The Supreme Court’s obscenity jurisprudence has never come close to stripping adults of First Amendment protections for their purely private fantasies, and the implications of our sanctioning this kind of governmental intrusion into individual freedom of thought are incredibly worrisome. This is an important and difficult case, and one that I strongly believe merits rehearing by this court sitting en banc. My colleagues apparently disagree, and I therefore urge the Appellant to seek certiorari from the Supreme Court.
. Section 1462 criminalizes the import or transportation of “any obscene, lewd, lascivious, or filthy book, pamphlet, picture, motion-picture film, paper, letter, writing, print, or other matter of indecent character” in interstate commerce.
. The only argument raised on appeal regarding these e-mails was that, as textual speech, the e-mails could not be obscene. The panel majority correctly pointed out that words can be obscene under the Miller test. United States v. Whorley, 550 F.3d 326, 335 (4th Cir. 2008). Nonetheless, I believe we are obligated to review for plain error whether the district court should have dismissed these charges because of the significant implications of the majority’s decision for the First Amendment. See id. at 347-48 (Gregory, J., dissenting).

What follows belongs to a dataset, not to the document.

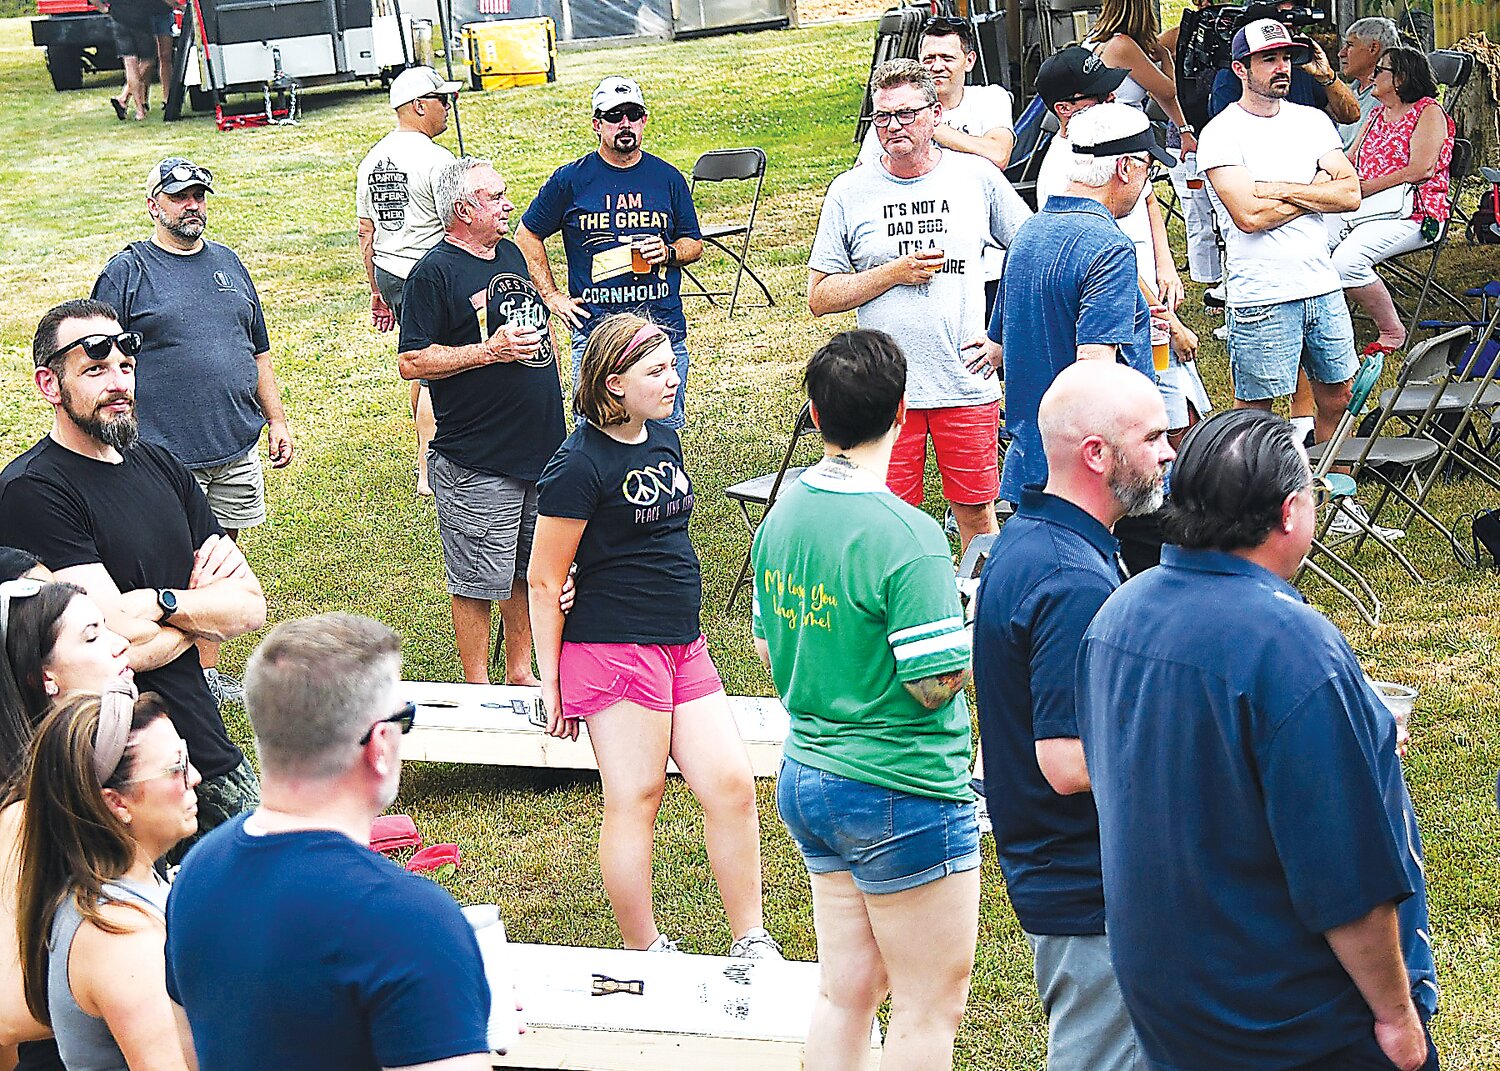 Participants and spectators listen to the list of teams for the cornhole tournament.

. Whorley has also raised an as-applied challenge to 18 U.S.C. § 1466A(a)(1), which he argues prohibits only visual depictions of actual minors. 1 agree and believe this is also an important issue for further consideration if not by this Court sitting en banc then by the Supreme Court. A straightforward reading of the statute shows that it prohibits images that "depictf] a minor engaging in sexually explicit conduct.” 18 U.S.C. § 1466A(a)(1)(A) (emphasis added). A minor is typically understood to be a "person under the age of eighteen years.” 18 U.S.C. § 2256 (emphasis added). Images of purely imagined children are not depictions of a minor person such that the prohibitions of § 1466(A)(a)(l) would apply. See Whorley, 550 F.3d at 351 (Gregory, J., dissenting). This interpretation of the statute is further bolstered by the fact that an interpretation that found § 1466A(a)(l) applied to depictions of both real and imagined children would render § 1466A(a)(2) superfluous. See id. at 351-52.